Just because there are sustainable gains on my DD#2 behaviors does not mean that she is ready to leave the environment that has made it possible to maintain that stability. At least half or not more of the issues with many who suffer from MI, their perception plays a HUGE part in their own stability. If they feel they are not in a safe place, then they will "crash and burn". The reason many people are dxed with MI is because they can not recognize the difference between actual things and perceived things. Their mind can not process that type of reasoning, thus a dx of MI. This also does not mean they can never be able to do this, it just means that when the neurons in the brain send messages, there is a breakdown or "mix up" in the synapse which causes the MI. Its like trying to start a fire with a flint and a rock. Sometimes you get a spark big enough to light the kindling and sometimes you don't.
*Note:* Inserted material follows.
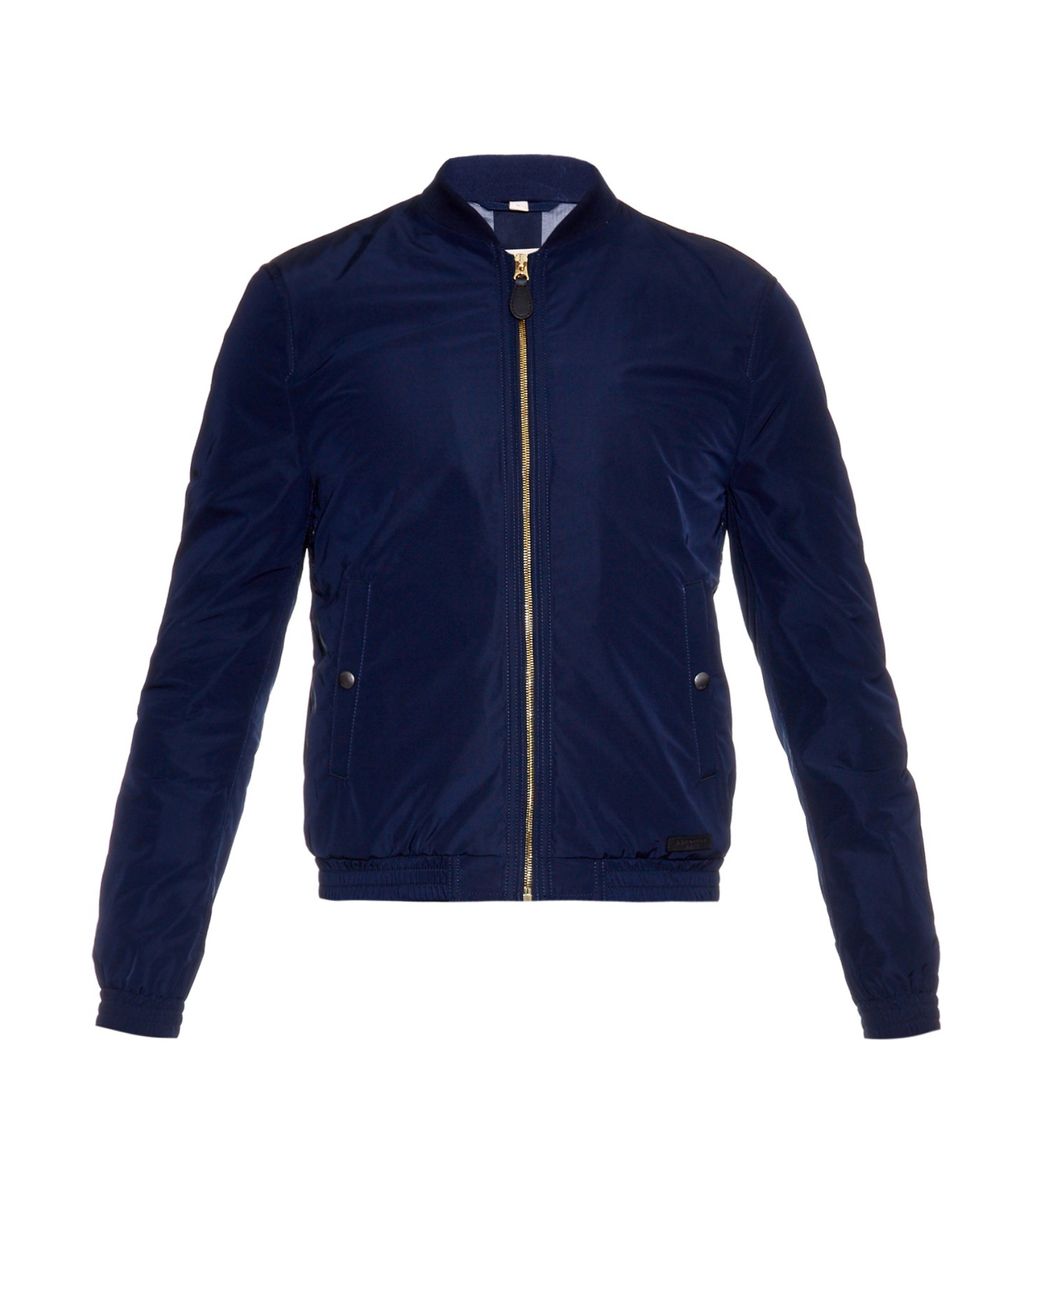 Aprender acerca 62+ imagen burberry harrington jacket blue - Viaterra.mx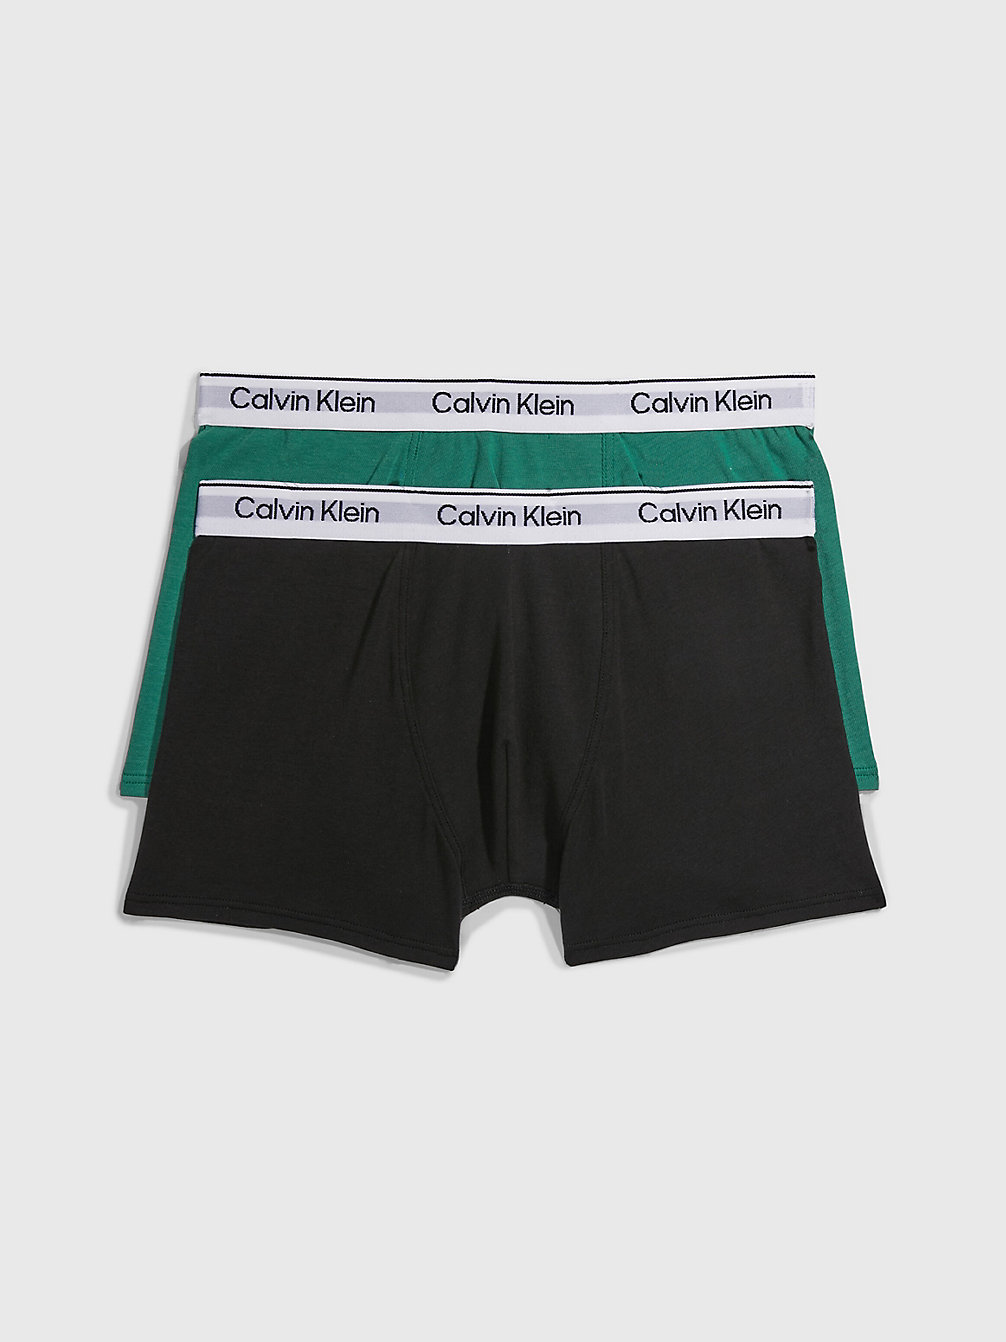 FOLIAGEGREEN/PVHBLACK 2 Pack Boys Trunks - Modern Cotton undefined boys Calvin Klein

Does that mean it is impossible to start a fire with a flint and rock? No, it just means you need to practice and make repeated attempts to do it right.
The only way to have long lasting stability is not to change a situation that is working after a short time period, but it is to keep it in place so that they can "practice" over and over again. A longer time of stabile support is the key to longer stability outside of that support. Also, a gradual change over time will also bolster the self esteem of the MI person. Show them that they CAN do this on their own and to be able to recognize signs of trouble and be able to reach for that extra support when needed.
Not everyone who has a MI are the same. No two people are the exact same so why would every MI person be the same. If that is the case, then why are the clients treated the same? Why do they have to follow a certain guideline? Something needs to change in our mental health system. Changes that our loved ones can benefit from and get the care they need and for how long they need it. Until then, I will not stop fighting for my DD.